И тут же отогнала эту мысль. Стоит только посмотреть на этих тварей! Они уродливы и неповоротливы, от них воняет, с идиотским выражением на лицах они стоят в собственном дерьме, которое проступает между толстыми и похожими на обрубки пальцами у них на ногах. Неужели то, что ее тело безжалостно обкромсали, придав ей внешнее сходство с этими животными, настолько воздействовало на ее психику, что она начала идентифицировать себя с ними и во всех прочих отношениях? Если она не будет следить за собой, то вскоре дойдет до того, что начнет жить вместе с ними, и кудахтать, и мычать, как они – по крайней мере, как те странные, приплясывающие представители их вида, которых показывают по телевизору.

Все эти соображения промелькнули в ее мозгу за пару секунд.
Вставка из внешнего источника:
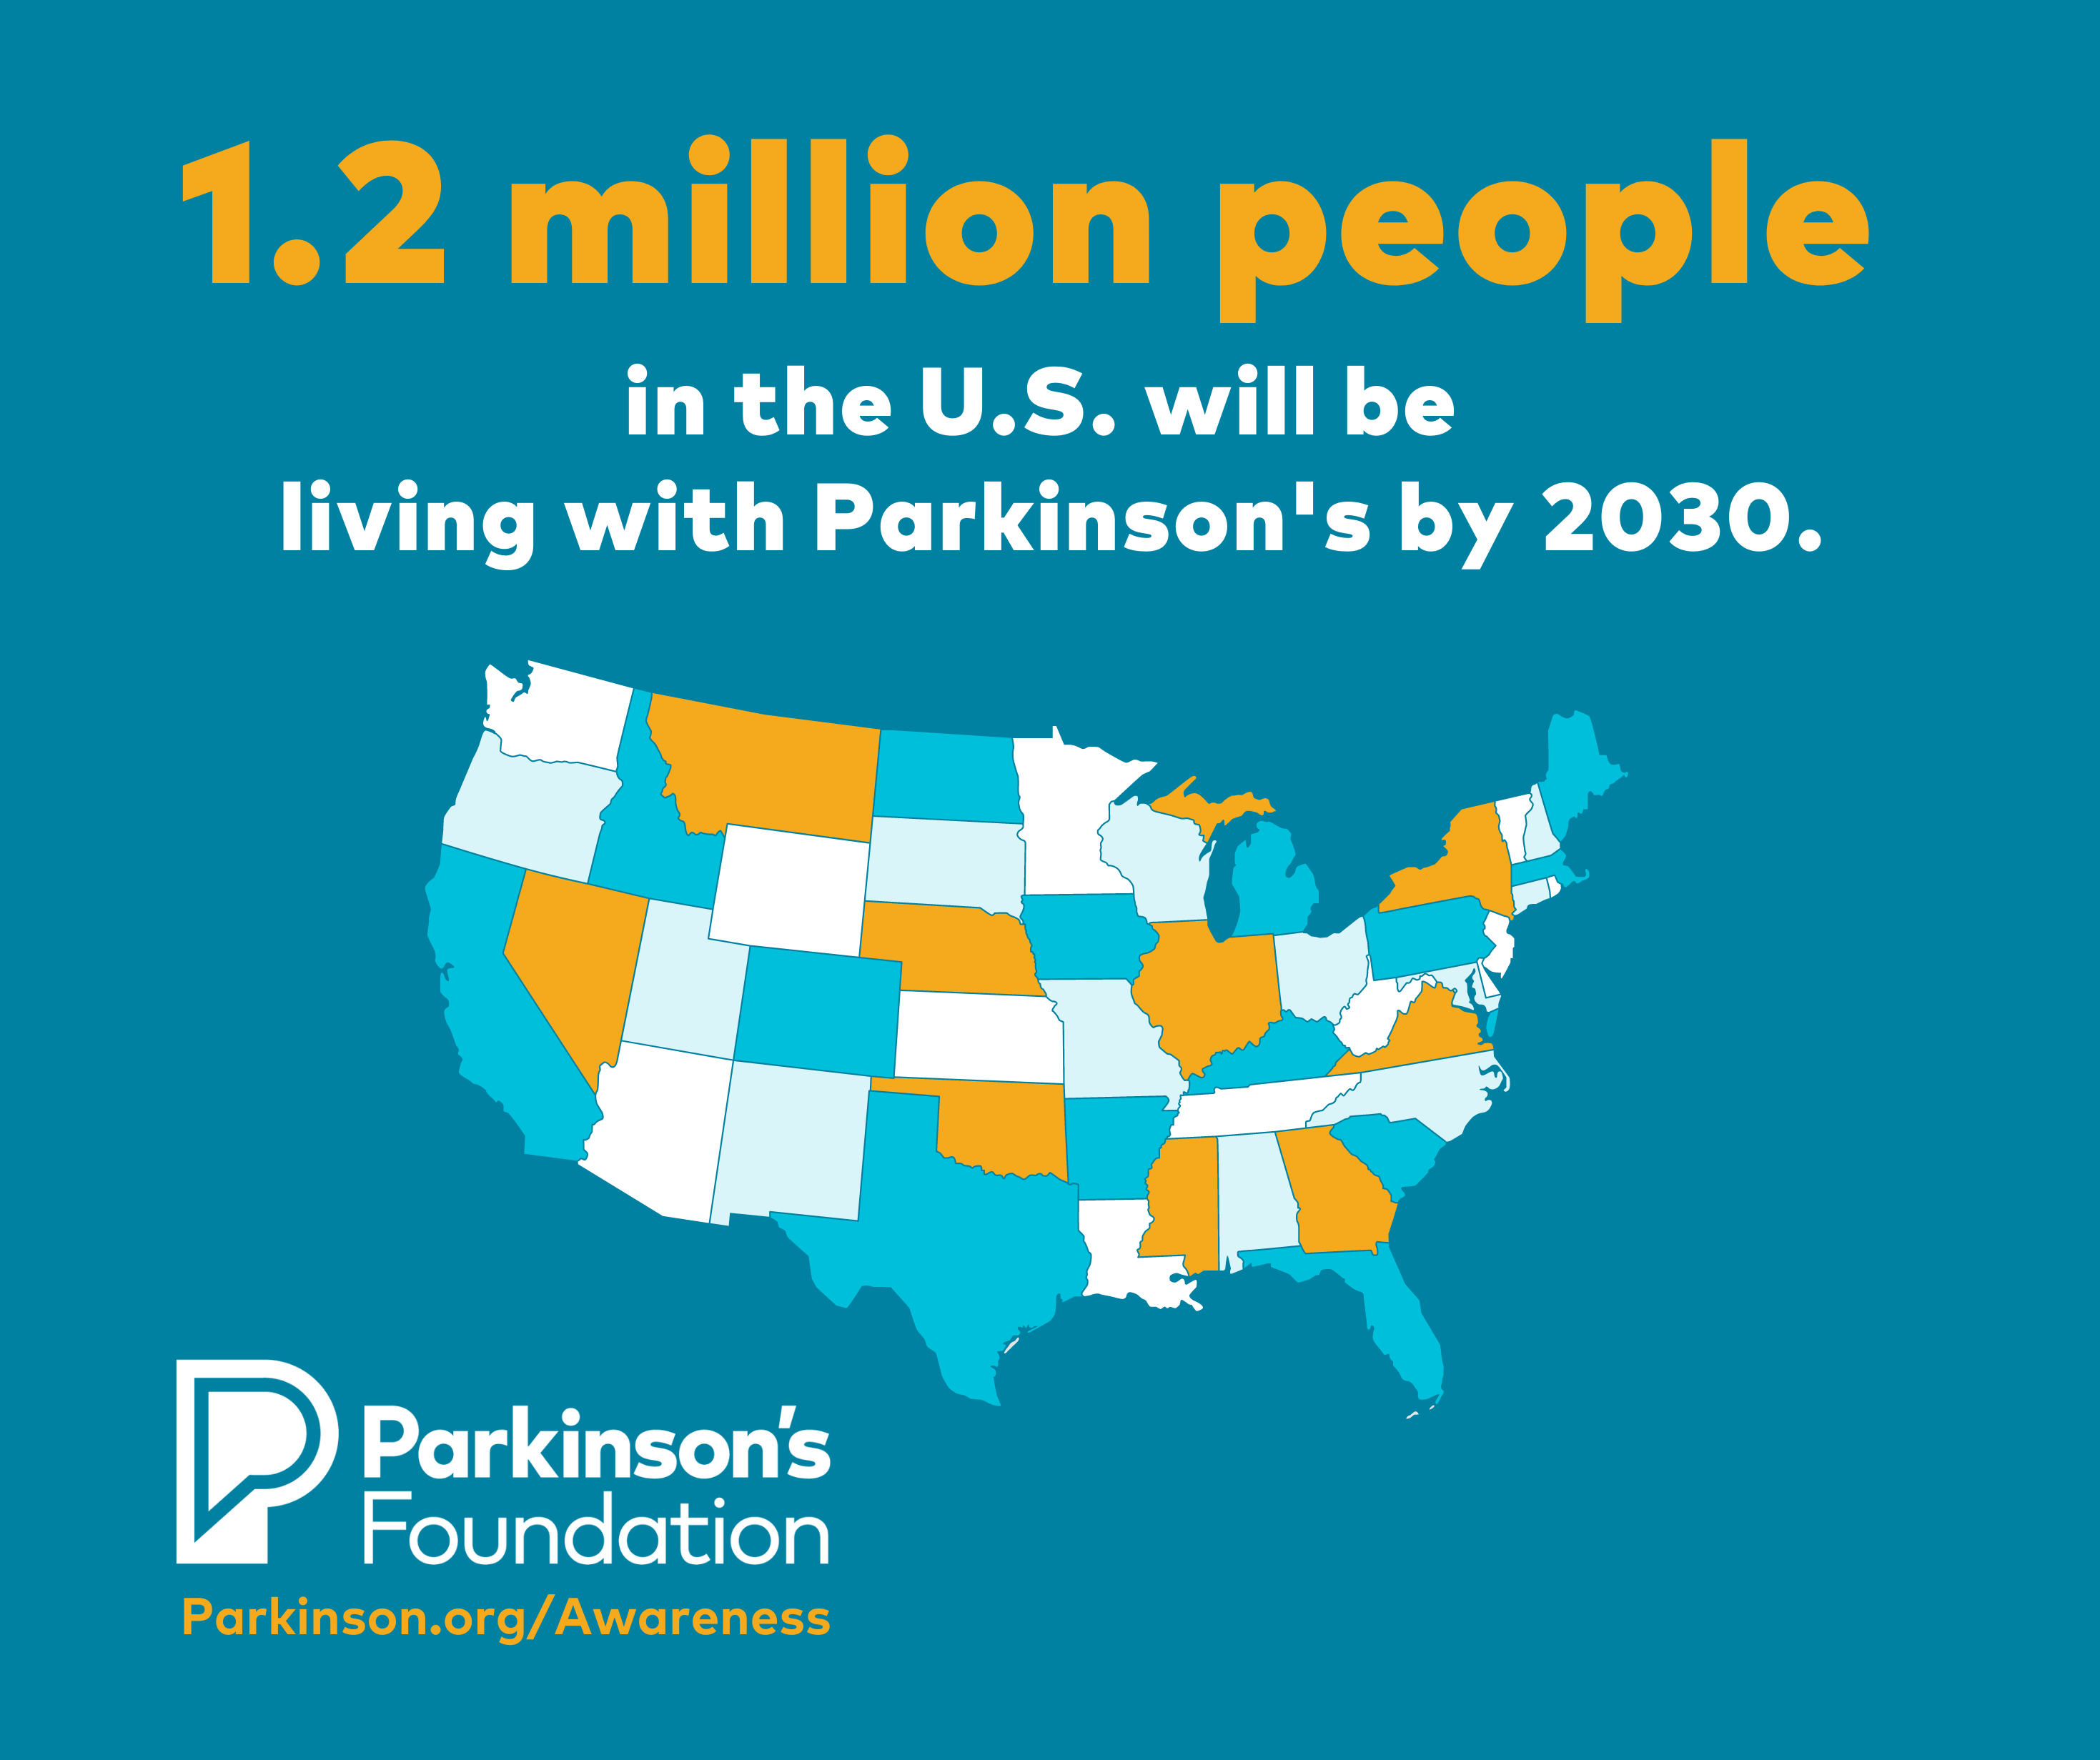 According to the Parkinson’s Foundation, 1.2 million people in the U.S. will be living with Parkinson’s disease by 2030.

А еще через пару секунд она придумала, что сказать Амлису Вессу.

– В каком таком смысле «Что это значит»? – воскликнула она раздраженно. – Это какая-то закорючка, которая, очевидно, что-то значит для водселей. Я не знаю, что это такое.

Она посмотрела Амлису прямо в глаза, желая сделать свое заявление более убедительным.

– Я тоже не знаю, но подозреваю, – спокойно ответил Амлис.

– Я бы могла догадаться, что такая мелочь, как ваше собственное невежество в этом вопросе, не остановит вас, – съязвила Иссерли, впервые заметив, что веки Амлиса окружены кольцом снежно-белых волос.

– Я всего лишь пытаюсь заставить вас понять, – продолжил он, слегка задетый ее замечанием, – что мясо, которое вы ели несколько минут назад, это то же самое мясо, которое сейчас пытается вступить с нами в контакт.

Иссерли вздохнула и сложила руки на груди, чувствуя себя ужасно уставшей от треска люминесцентных ламп и тяжелого дыхания тридцати тварей, запертых в тесном подземелье.

– Со мной оно в контакт вступить не пытается, Амлис, – сказала она и тут же покраснела, заметив, что непроизвольно обратилась к нему по имени. – Можно идти?

Амлис нахмурился и посмотрел на значки, накарябанные на земле.

– Вы уверены, что не знаете смысла этих знаков? – спросил он, и в голосе его ясно прозвучала нотка недоверия.

– Не понимаю, чего вы от меня ожидаете! – внезапно взорвалась Иссерли, чувствуя, что вот-вот расплачется. – Я человек, а не водсель.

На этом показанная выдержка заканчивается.